Recorded information
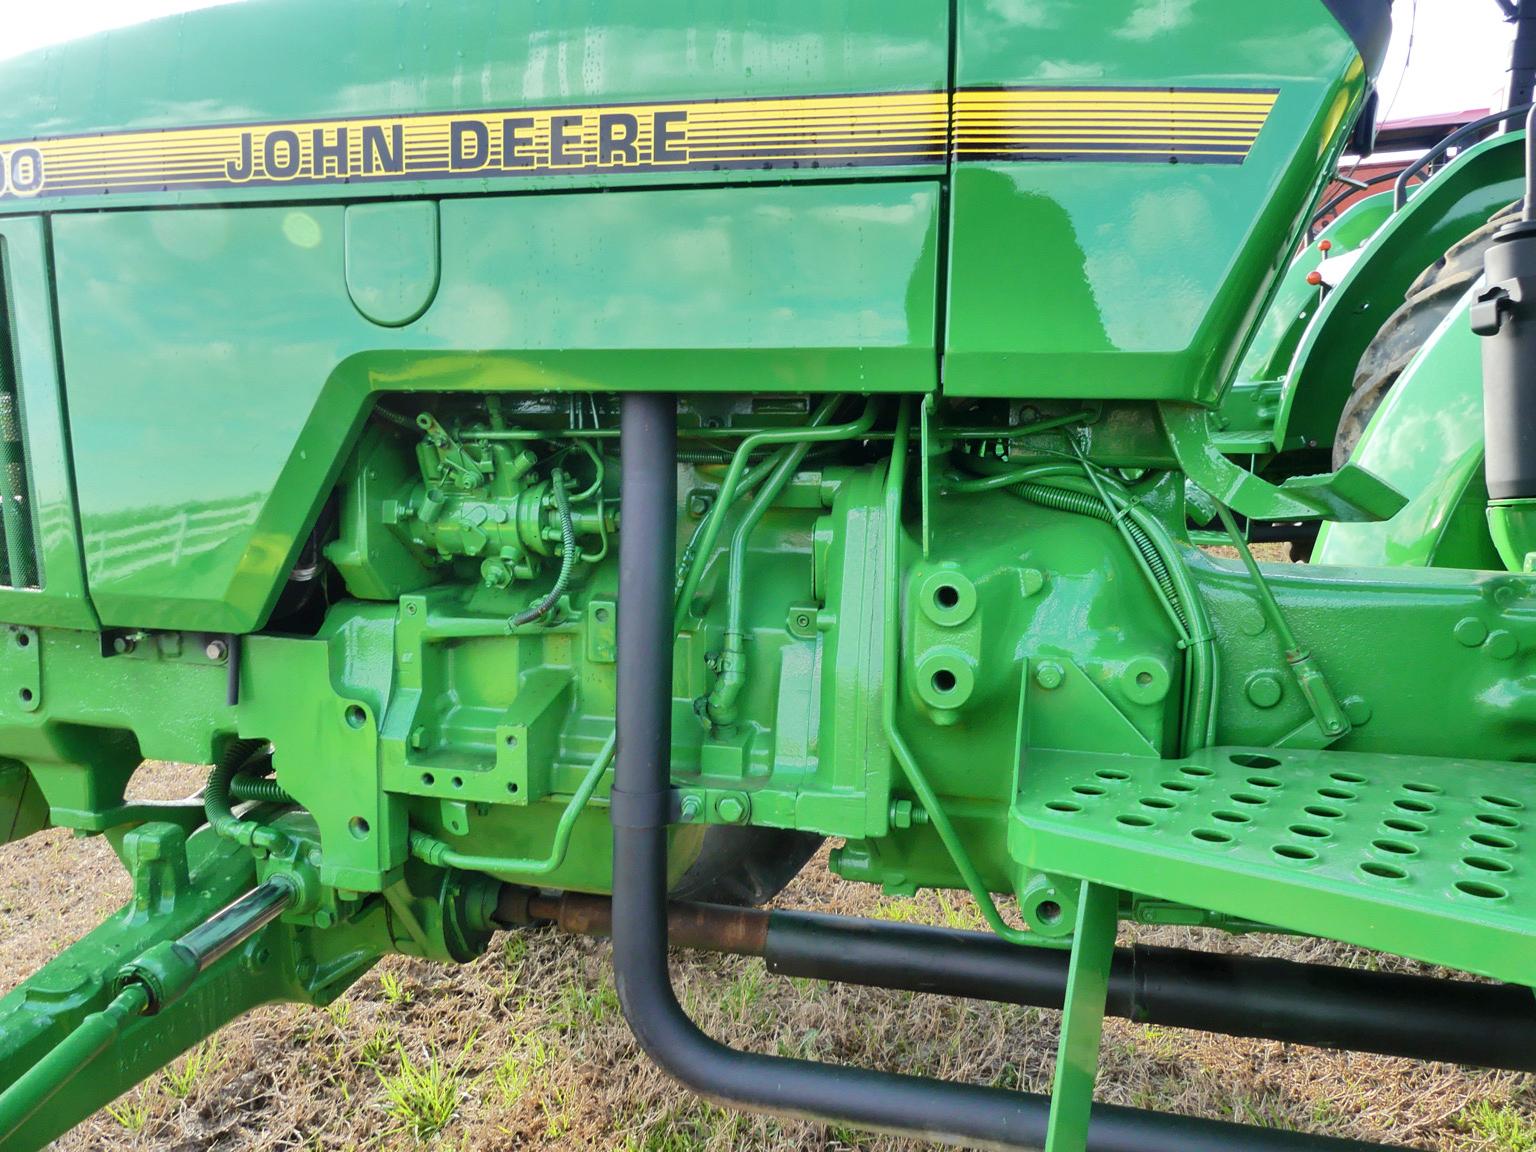 John Deere 5400 MFWD Tractor, s/n LV5400E642805: Meter Shows 8749 hrs
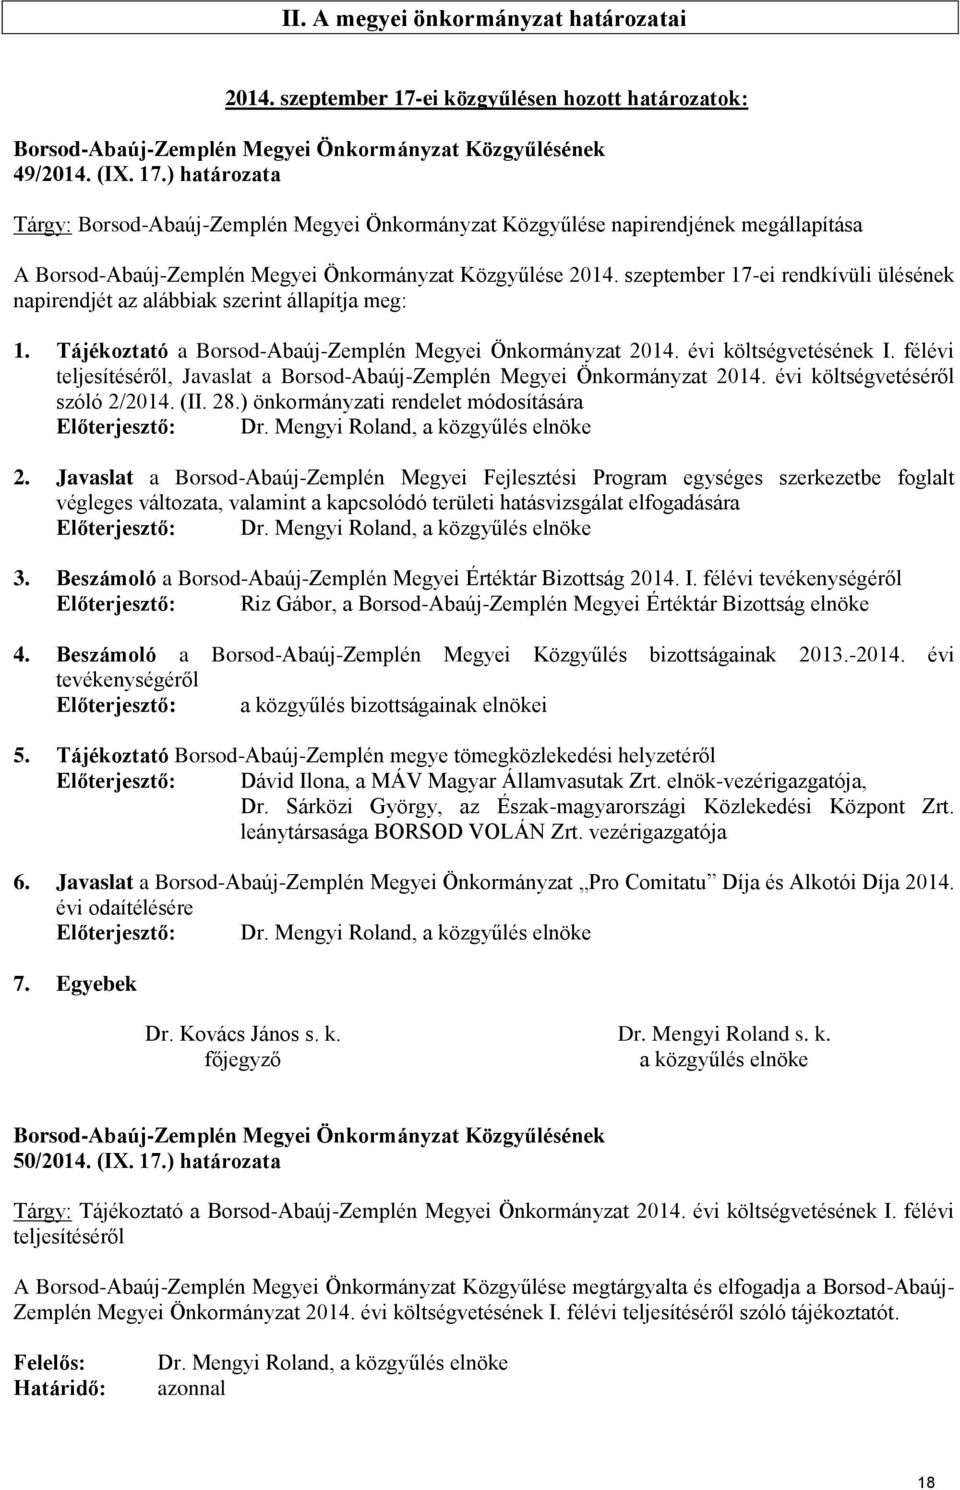 ) határozata Tárgy: Borsod-Abaúj-Zemplén Megyei Önkormányzat Közgyűlése napirendjének megállapítása A Borsod-Abaúj-Zemplén Megyei Önkormányzat Közgyűlése 2014.
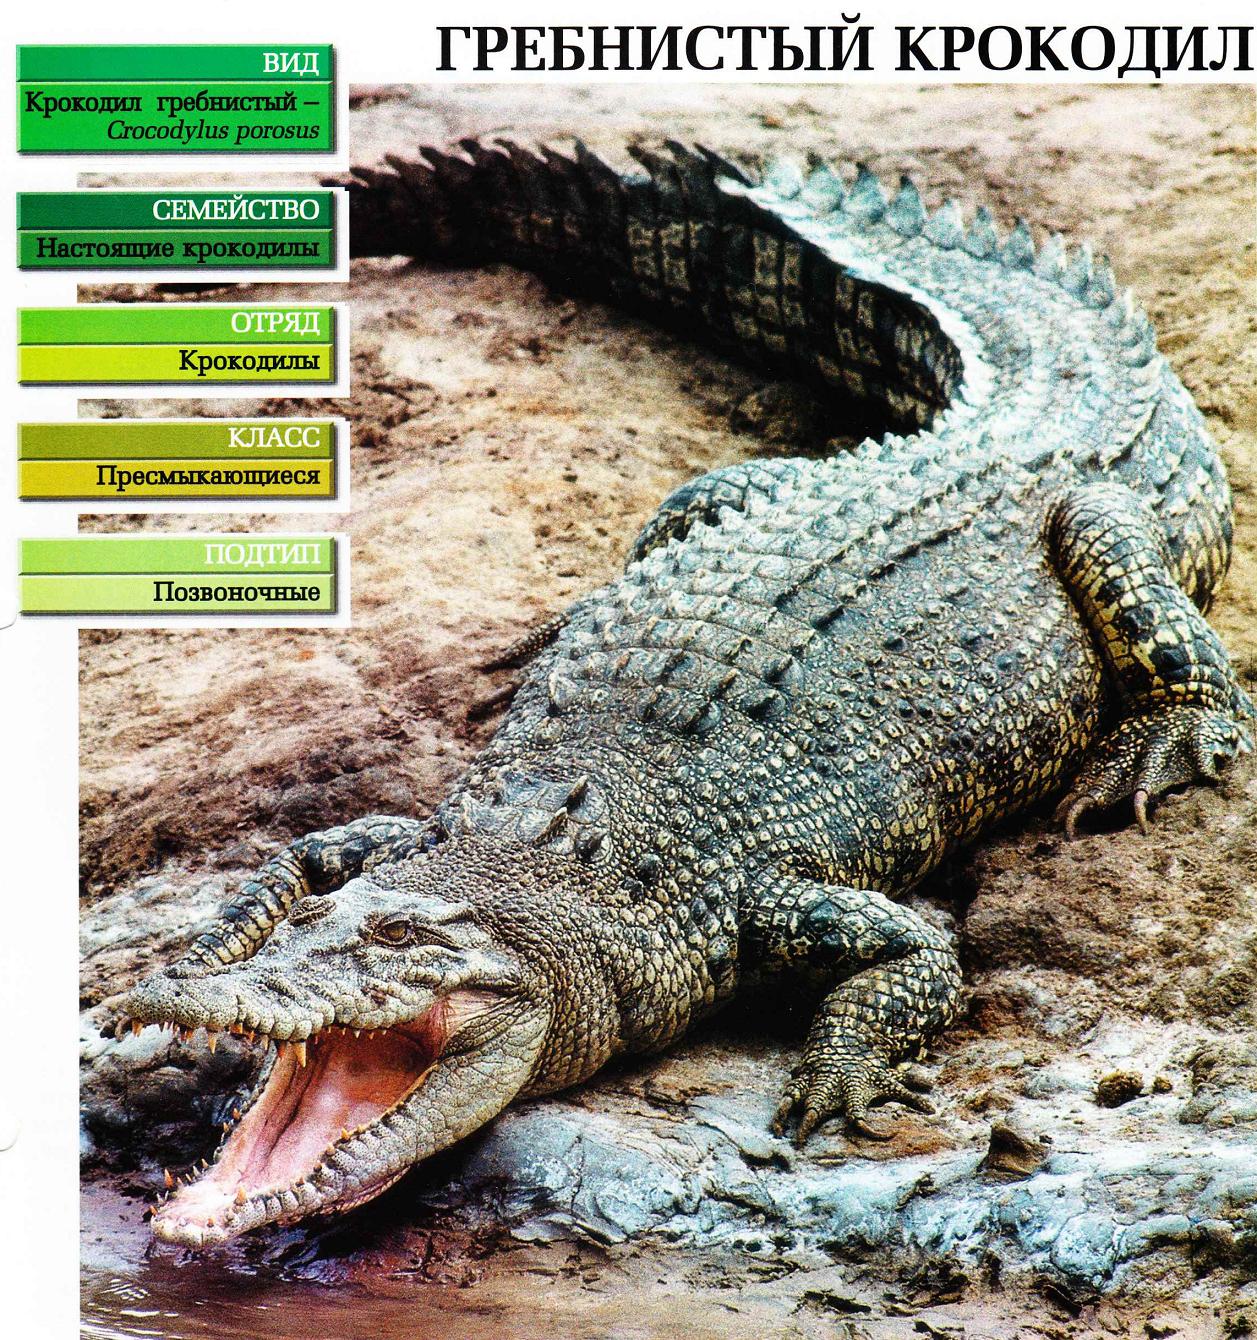 Систематика (научная классификация) крокодила гребнистого. Crocodylus porosus.

What is needed
Exactly the lines running from the one with "Önkormányzat Közgyűlése 2014." through the end of the listing above must be output, both ends included. No pictures belong in the output.

Exercise solution
 ) határozata Tárgy: Borsod-Abaúj-Zemplén Megyei Önkormányzat Közgyűlése napirendjének megállapítása A Borsod-Abaúj-Zemplén Megyei Önkormányzat Közgyűlése 2014.
 Систематика (научная классификация) крокодила гребнистого. Crocodylus porosus.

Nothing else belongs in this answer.